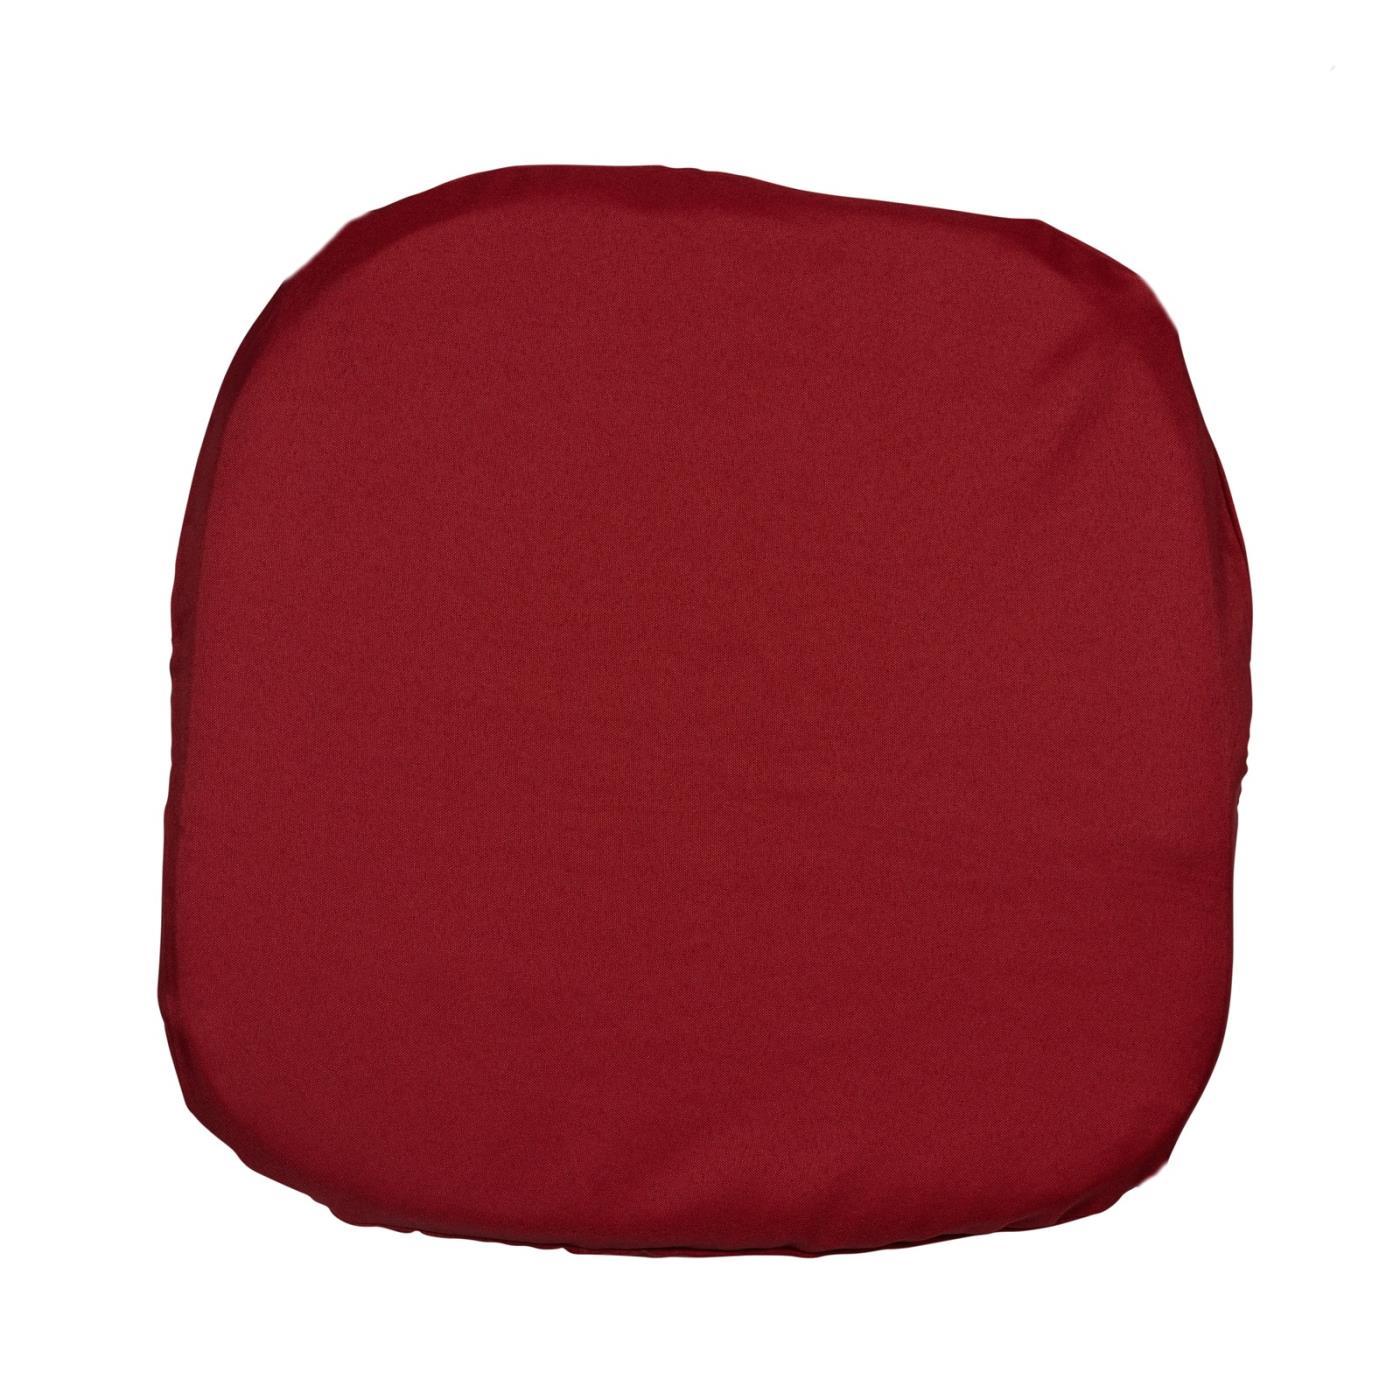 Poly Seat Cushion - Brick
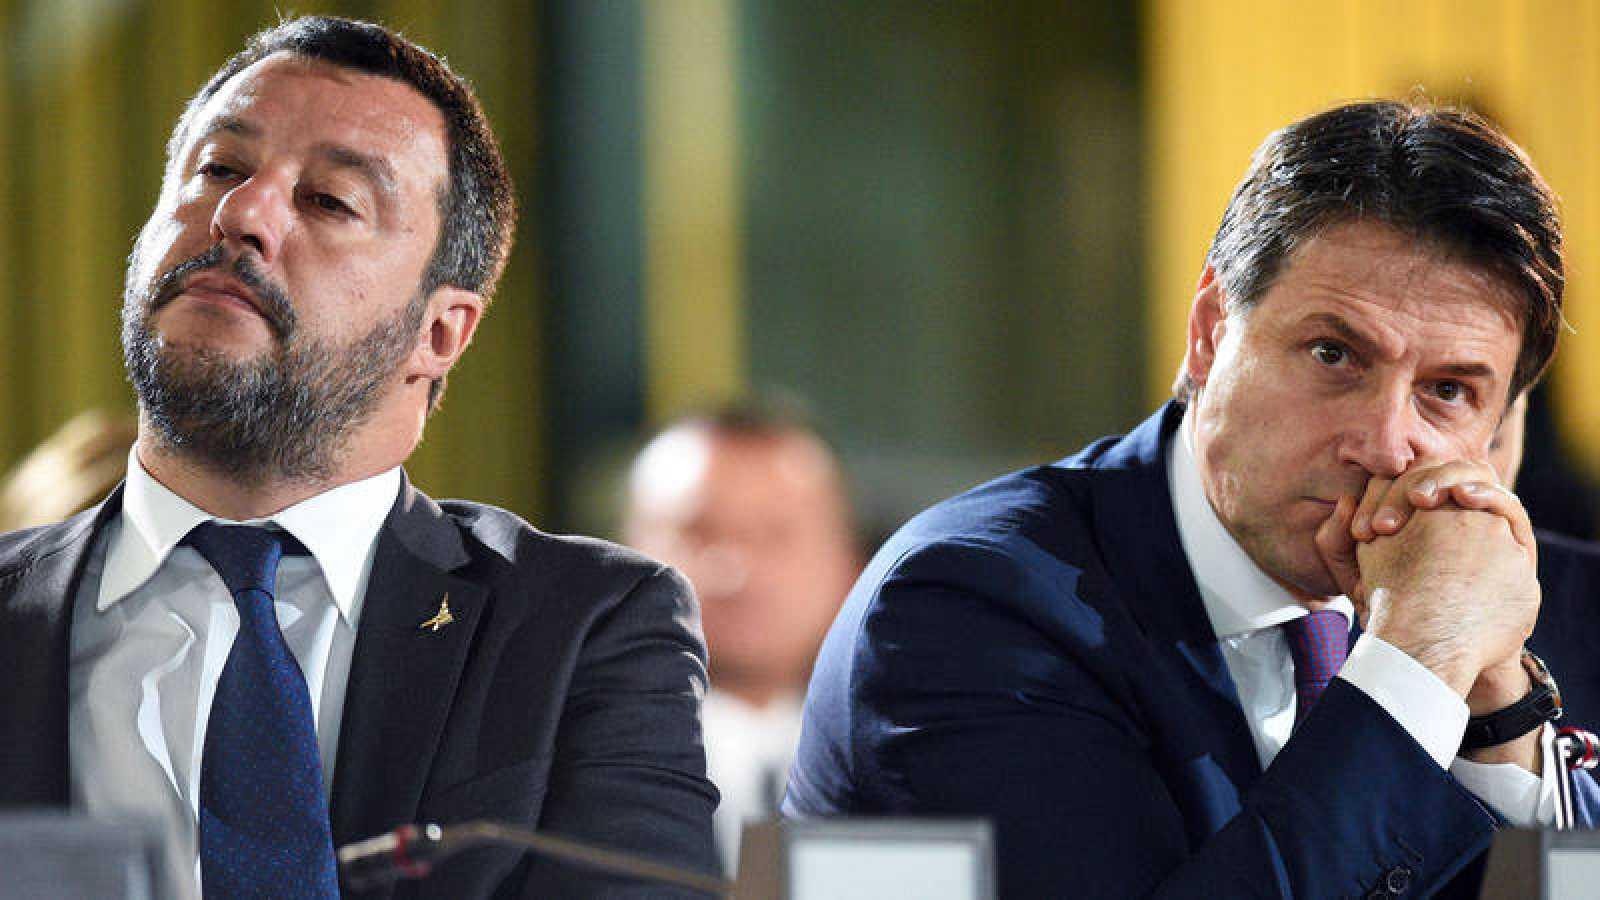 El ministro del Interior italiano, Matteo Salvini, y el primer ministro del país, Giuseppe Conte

==

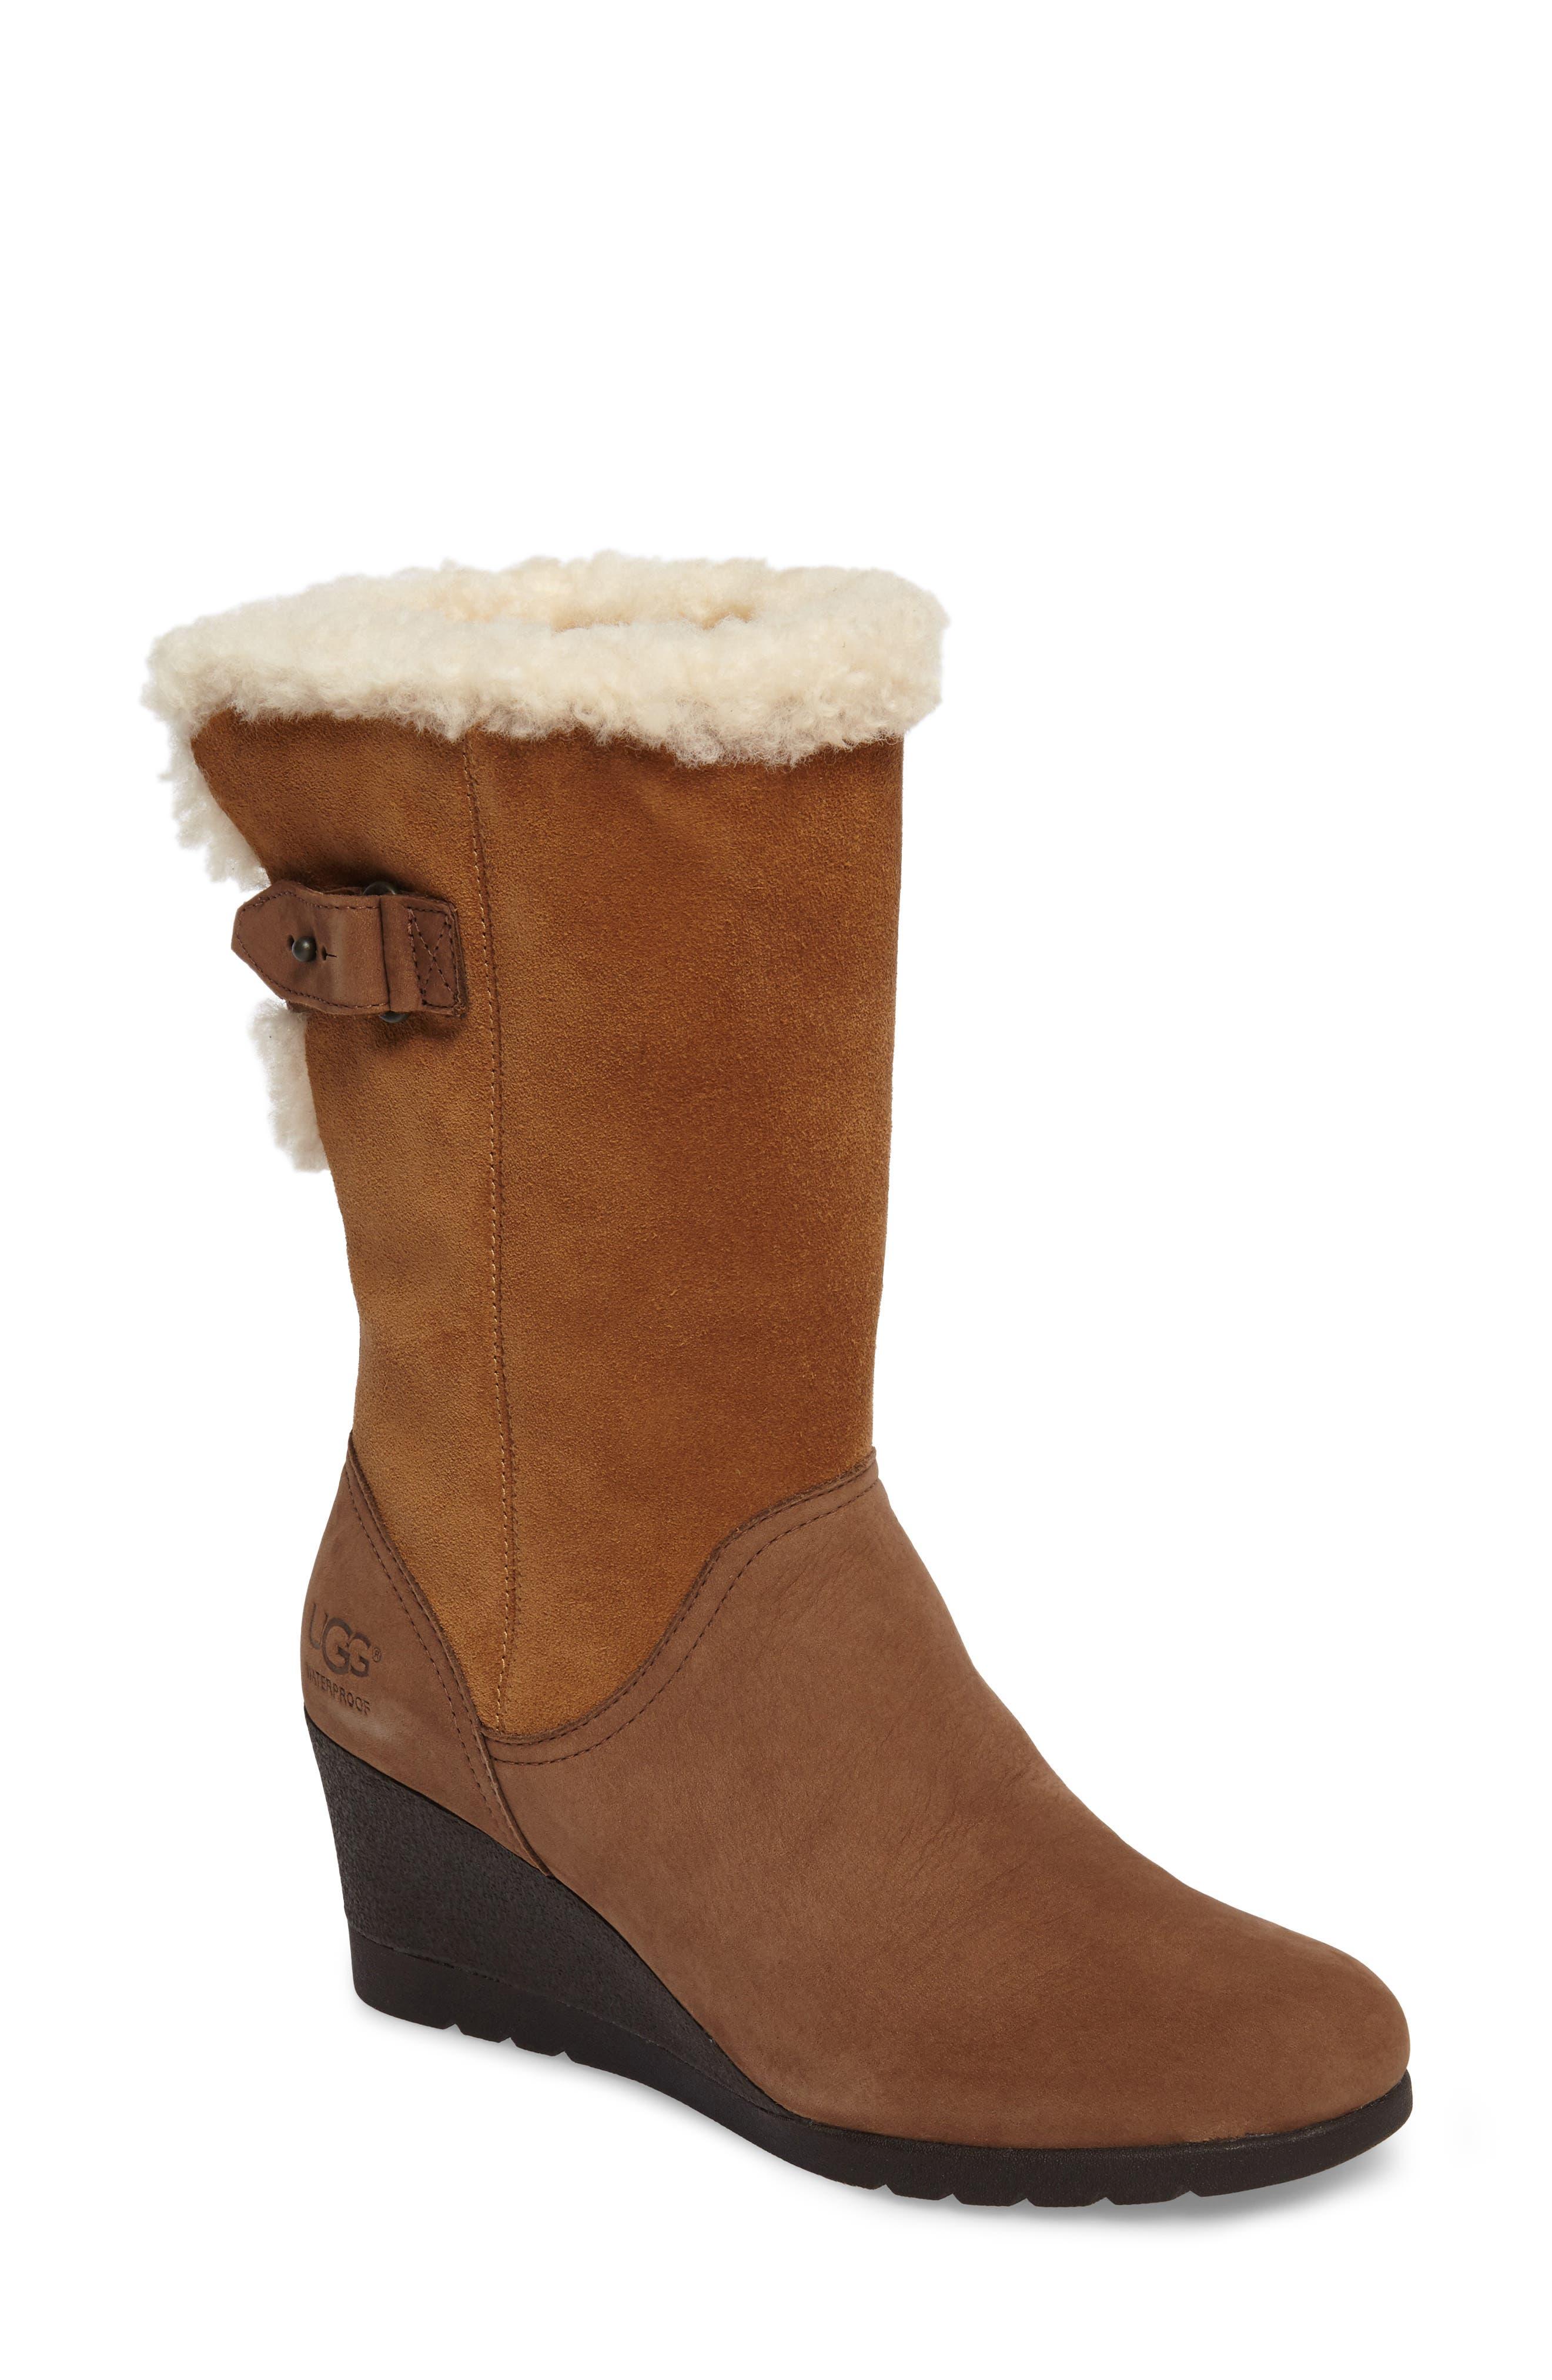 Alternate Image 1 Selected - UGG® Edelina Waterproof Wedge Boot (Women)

---

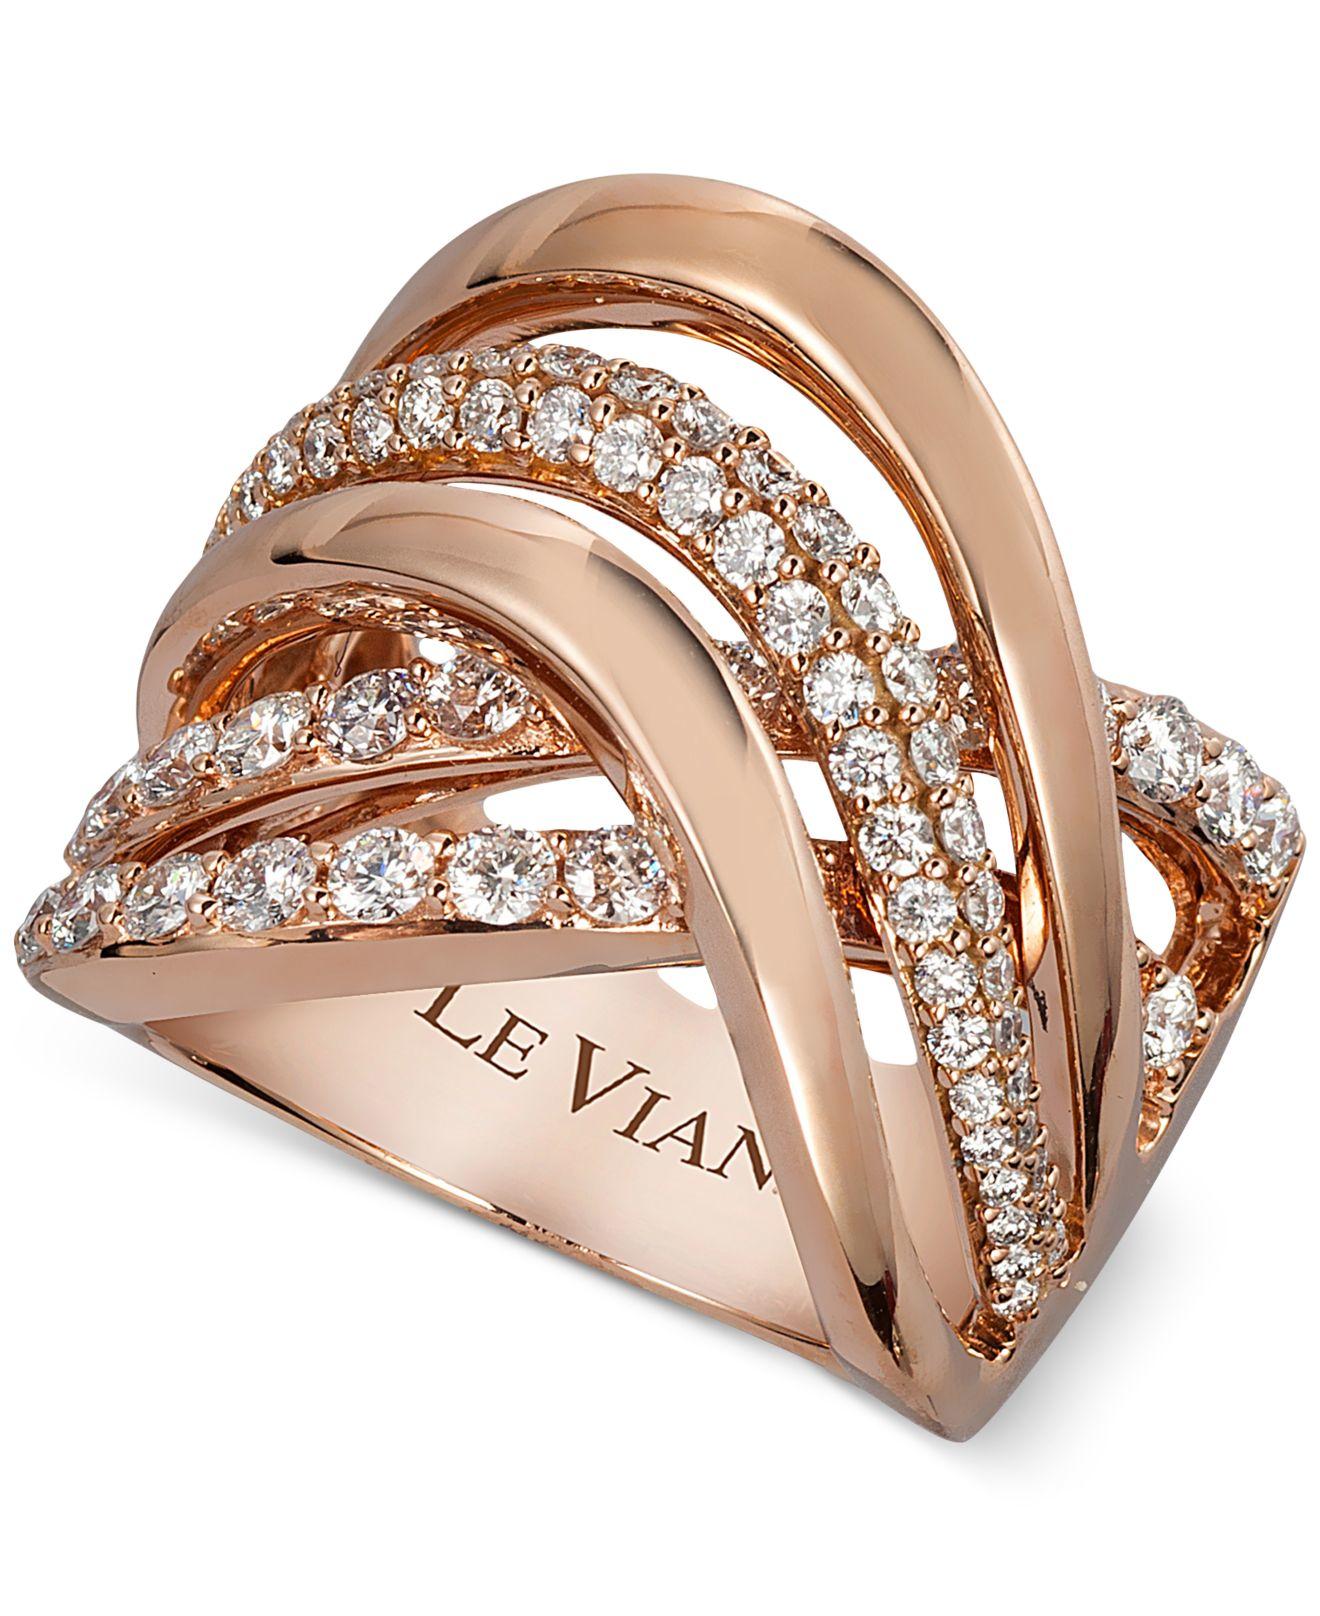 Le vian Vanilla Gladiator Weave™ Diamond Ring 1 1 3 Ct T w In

→ **Task directions**
Leaving out the pictures, please output the lines in the entries above from the one with "Poly Seat Cushion - Brick" through the one with "El ministro del", exactly as they are.

→ **Result for this task**
 Poly Seat Cushion - Brick
 El ministro del Interior italiano, Matteo Salvini, y el primer ministro del país, Giuseppe Conte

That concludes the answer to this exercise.